Mr Paterson: Obviously all Departments have been involved. They were all involved in approving the Green Paper.
Q78 Dr Offord: Do you have any examples of how they have been involved? For example, DCLG would be interested in the construction of more houses.
Mr Paterson: The key ones are obviously DCLG and the Treasury, and they have been involved. But nothing is set in stone. This is a Green Paper—this is an absolutely genuine consultation. This will not work if we do not get the support and endorsement of very large numbers of people on both sides of the argument.
Q79 Dr Offord: But do you have any practical examples of what they have contributed, rather than just general support for the principle?

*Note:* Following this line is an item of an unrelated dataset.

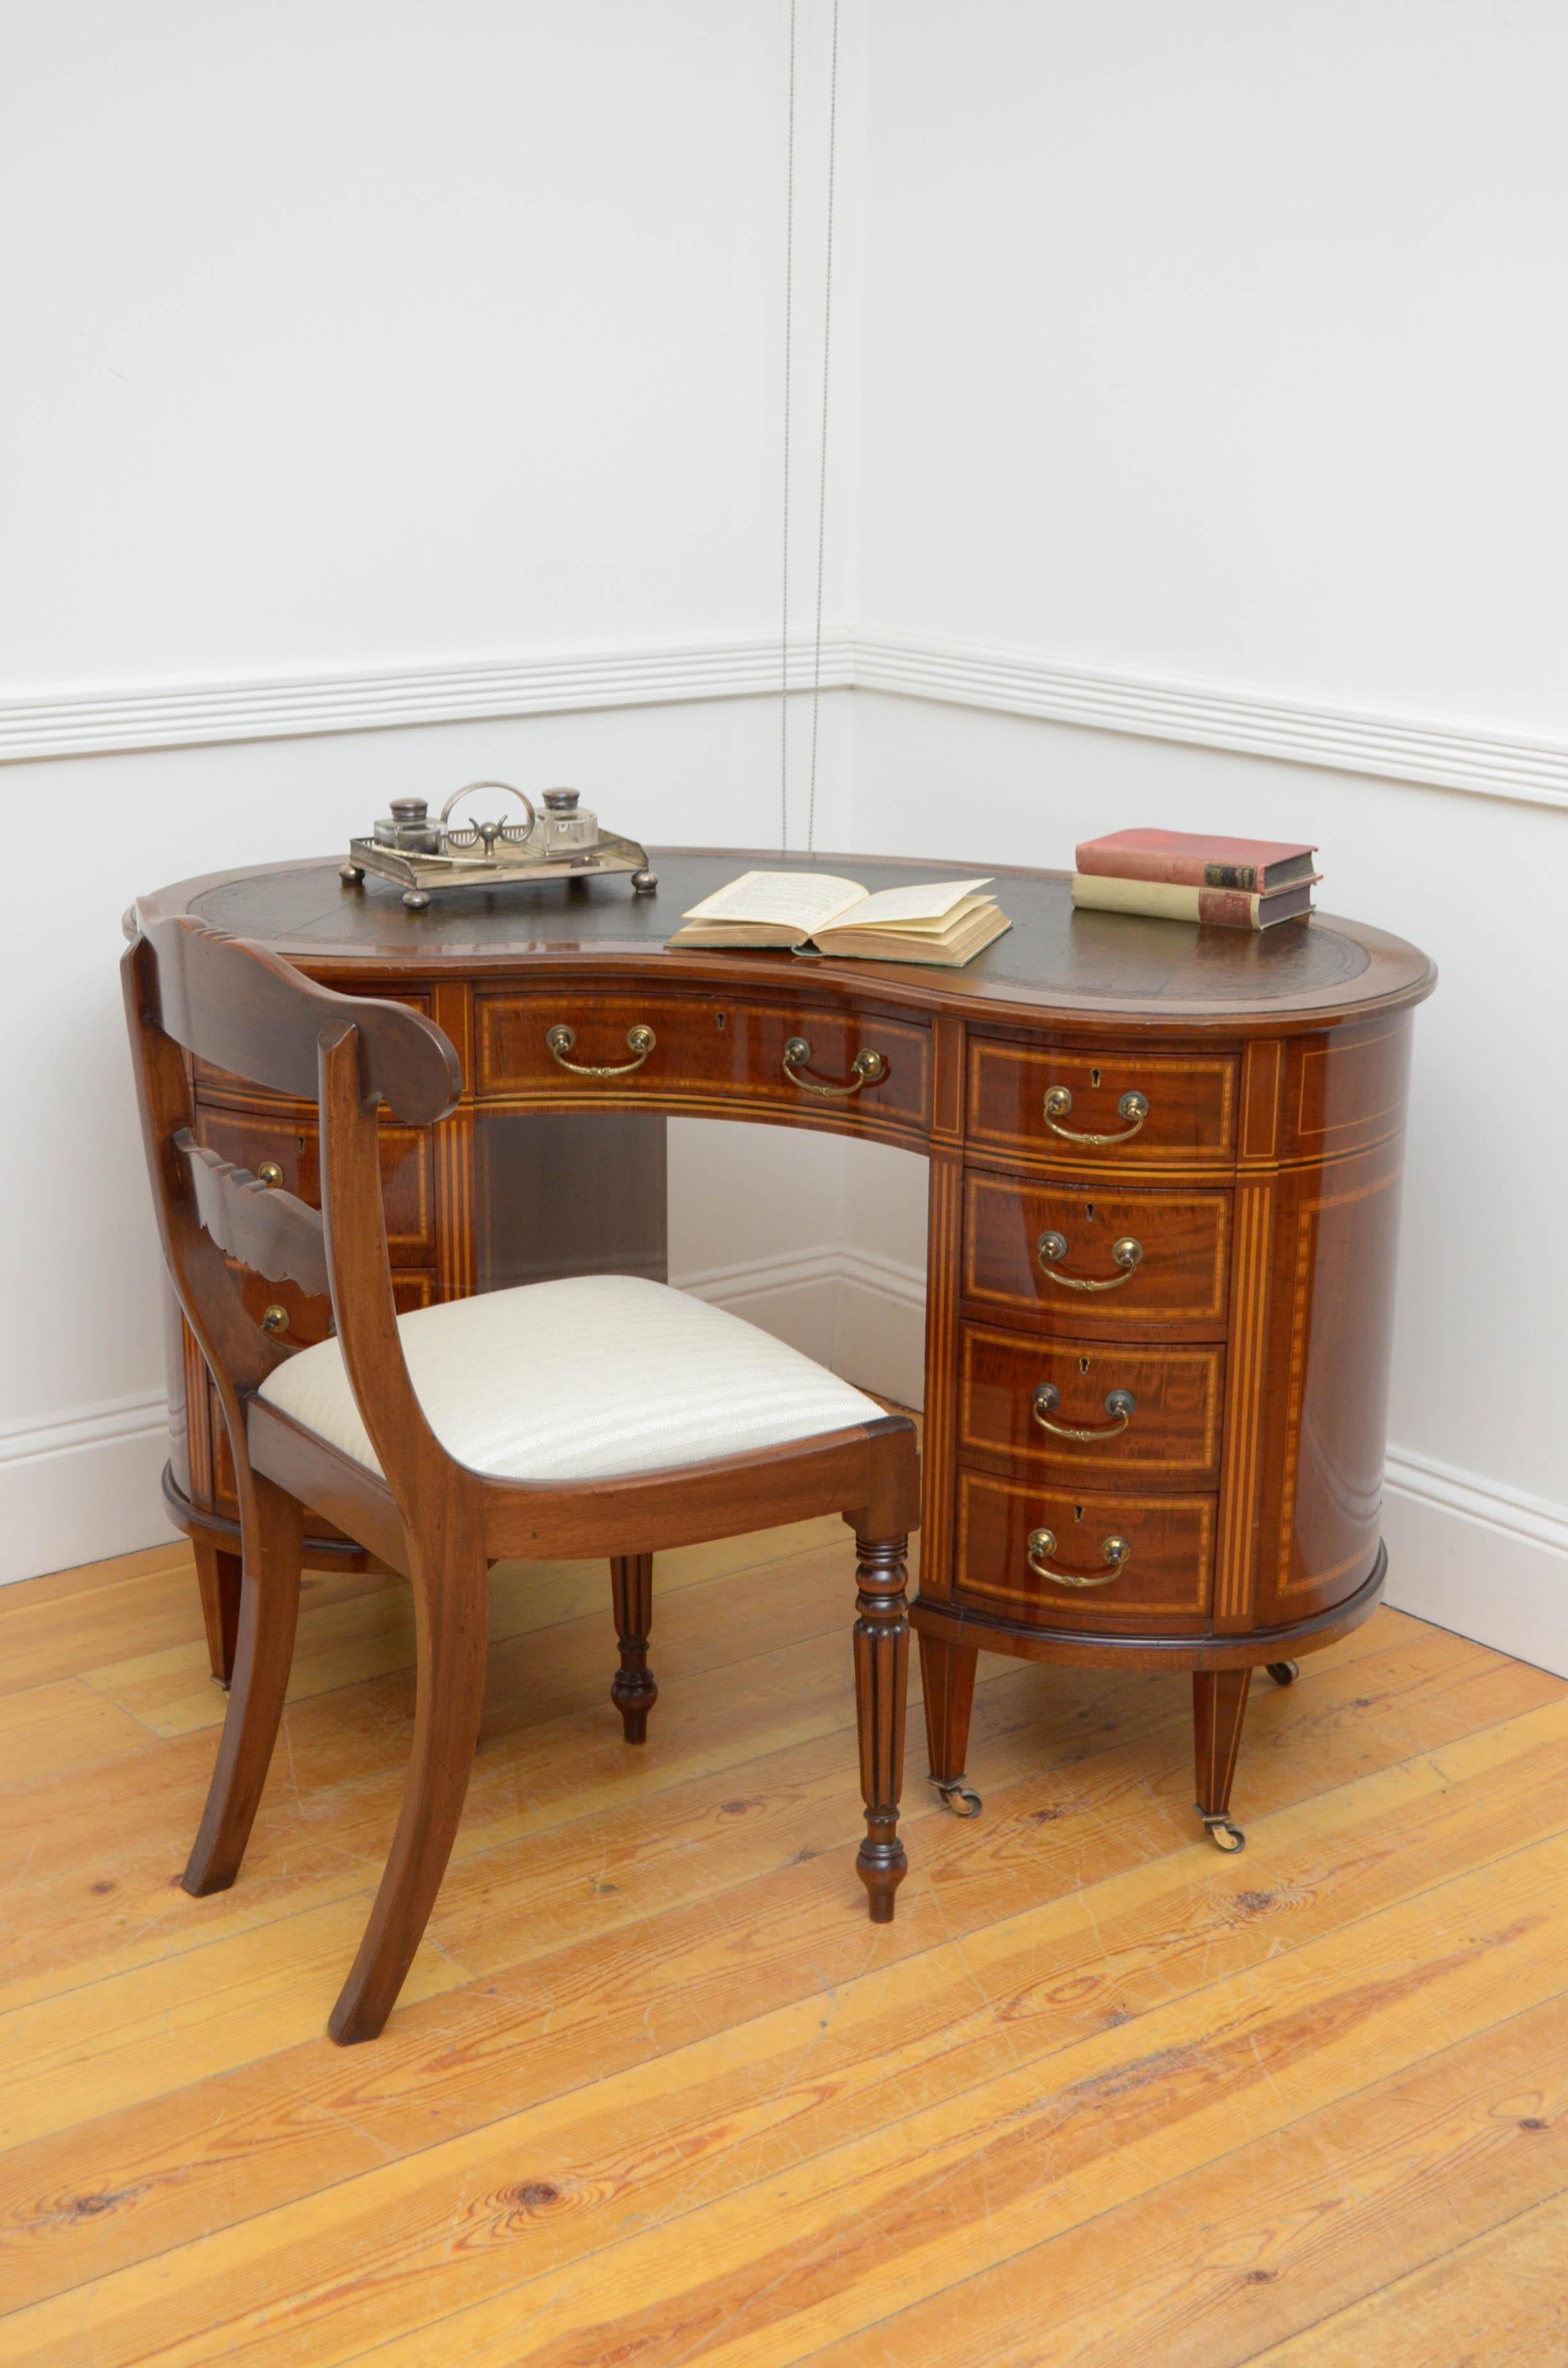 Sn4703 fine quality Edwardian, mahogany, kidney shaped writing desk, having tooled leather writing surface, above a concave centre drawer flanked by 8 satinwood crossbanded and mahogany lined, graduated drawers fitted with brass handles, all

Chris de Grouchy: It is a hard question to answer. They have contributed in terms of their own fields of expertise, clearly. On the process, there is a cross-Government group, chaired by the director of sustainable development, Robin Mortimer, that meets as part of the project work that is going on in this area. It meets monthly or so and brings together the departments that the Secretary of State has mentioned—the Treasury and DCLG—as well as the Cabinet Office, DECC and I think the Department for Transport. They also potentially have an interest in offsetting through infrastructure. I think you can imagine the directions from which they are coming. Clearly DCLG brings expertise in the planning system, which is hugely important for this. We have a dialogue with DECC and Transport, for example, about any potential implications or issues for large-scale infrastructure schemes.
Chair: Unless any of my colleagues have any further questions, that brings us to the end of our sitting. Secretary of State, thank you once again for coming along. It will be an interesting debate as it goes forward and I hope very much that the Committee’s deliberations can inform the way that the policy progresses.
Mr Paterson: Thank you. We very much look forward to seeing your report.